Assigned task – Copy each line below exactly and leave the pictures out.

Information supplied –
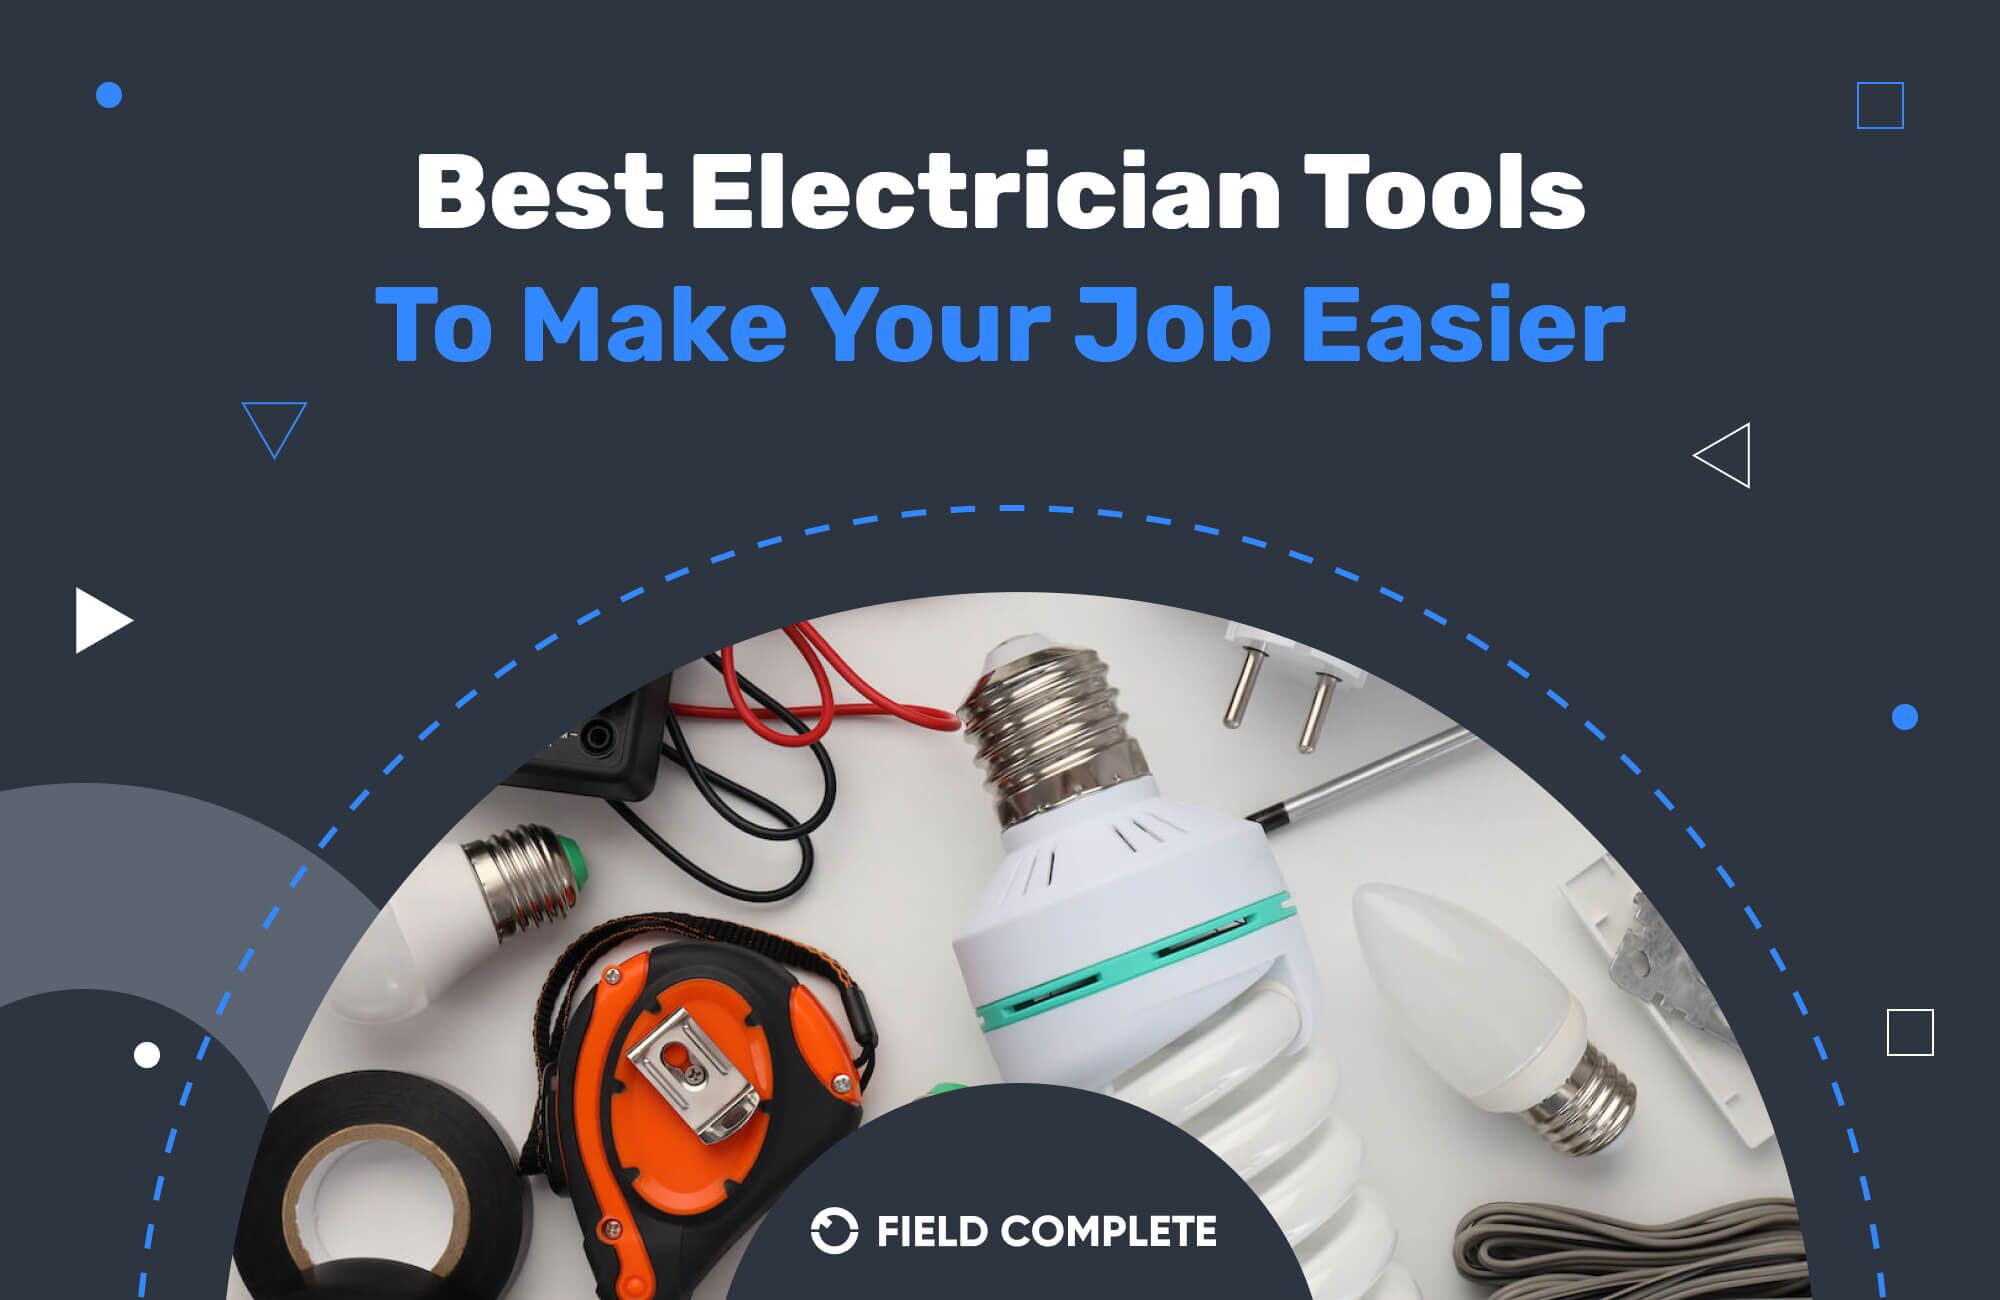 Best Electrician Tools To Make Your Job Easier
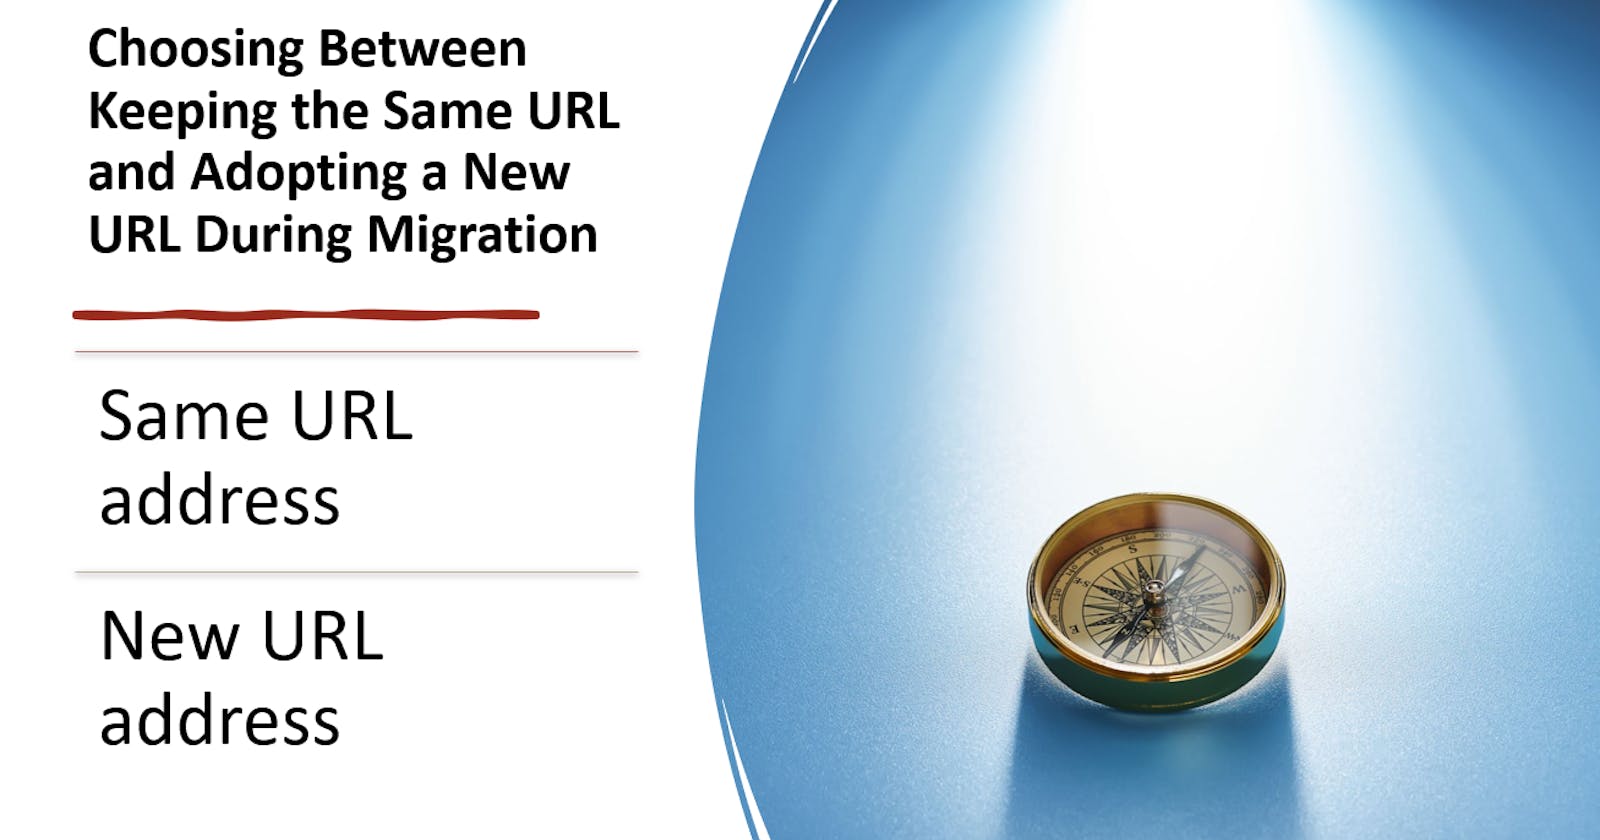 Choosing Between Keeping the Same URL and Adopting a New URL During Migration: A Strategic Decision
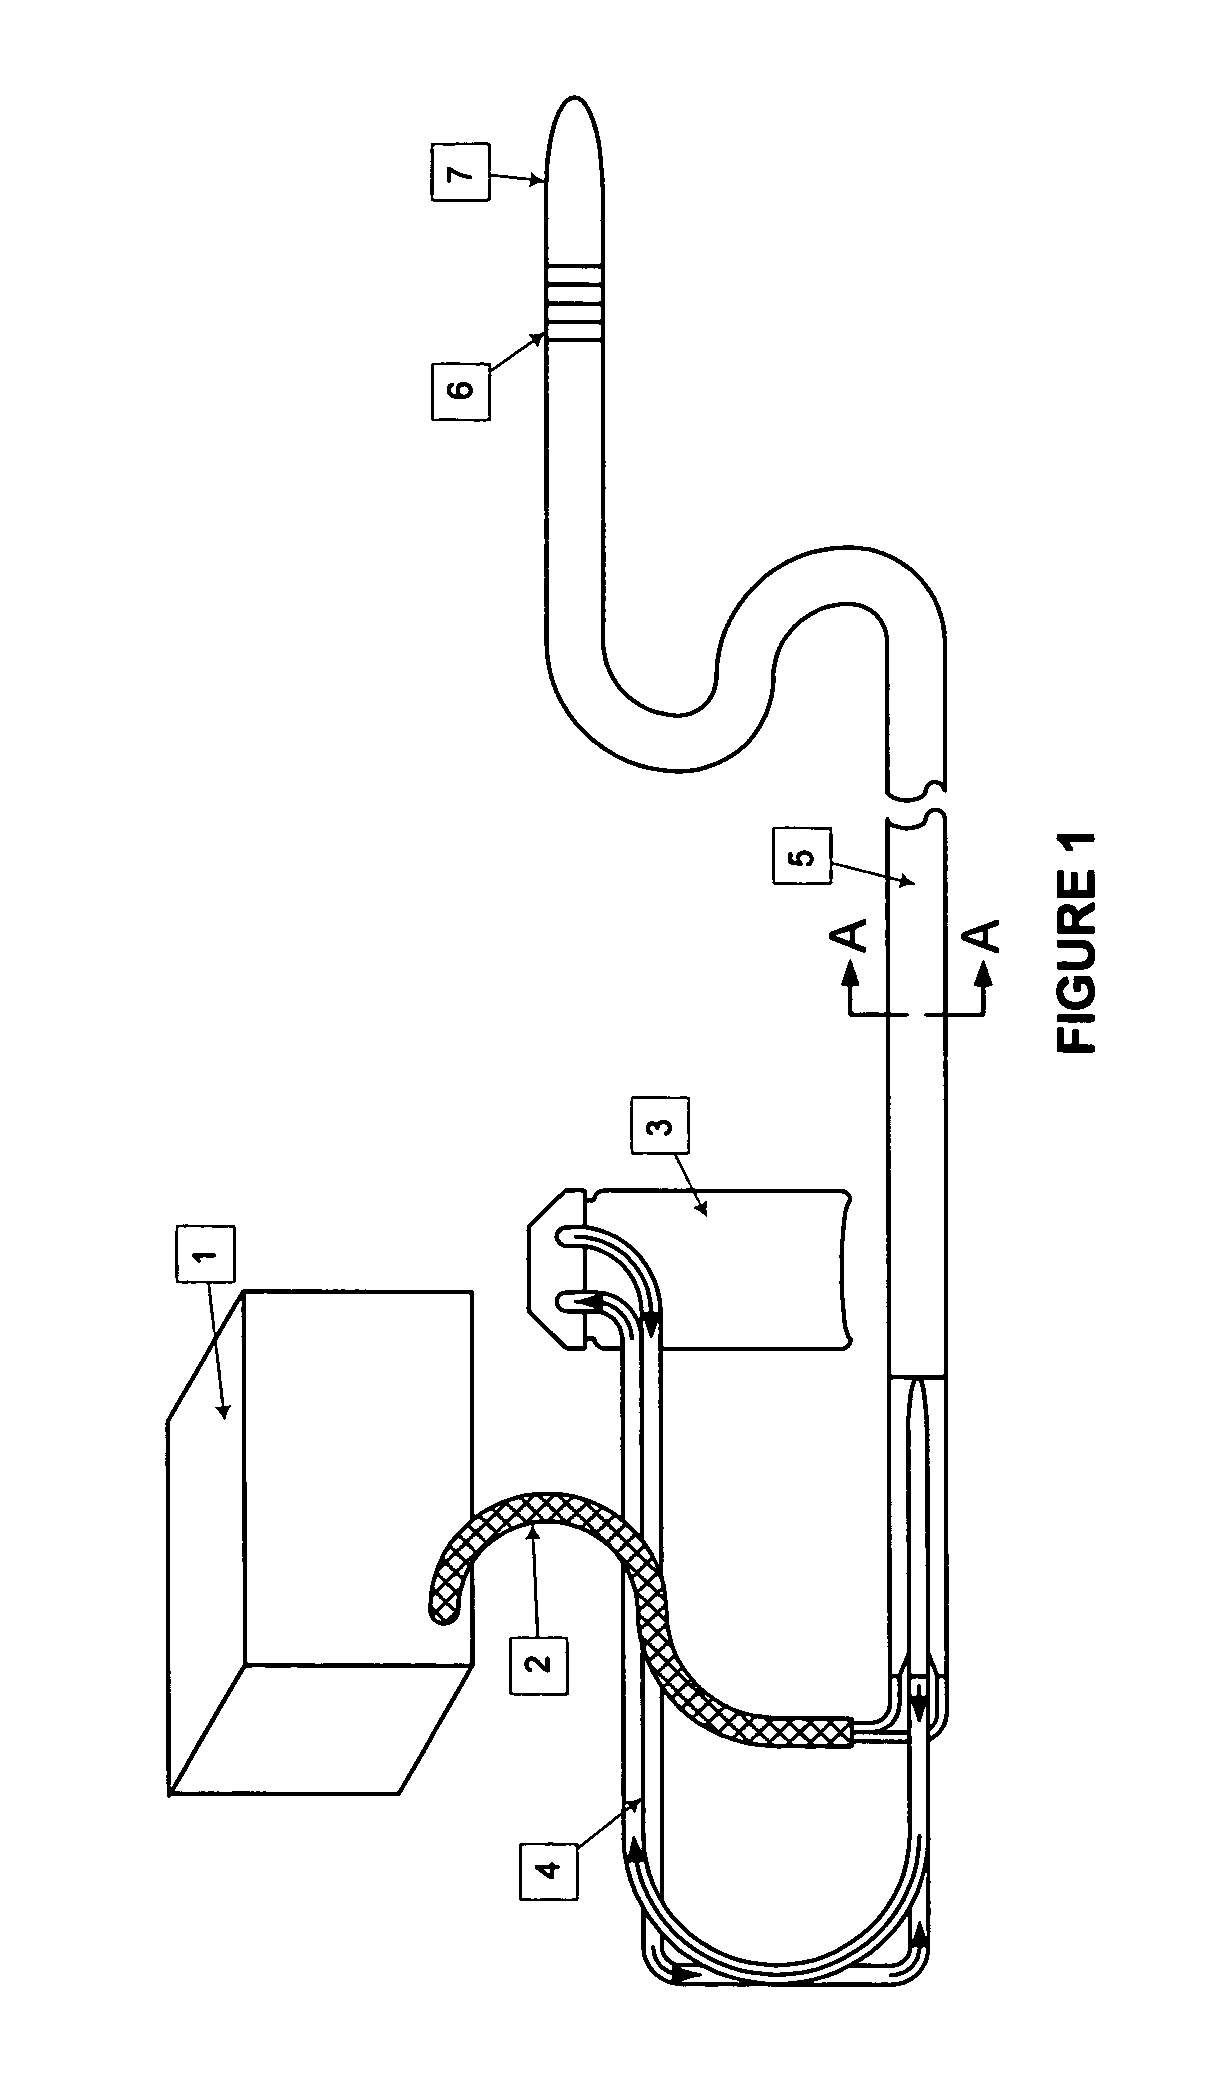 Method and apparatus for treating vascular obstructions

Answer box –
 Best Electrician Tools To Make Your Job Easier
 Choosing Between Keeping the Same URL and Adopting a New URL During Migration: A Strategic Decision
 Method and apparatus for treating vascular obstructions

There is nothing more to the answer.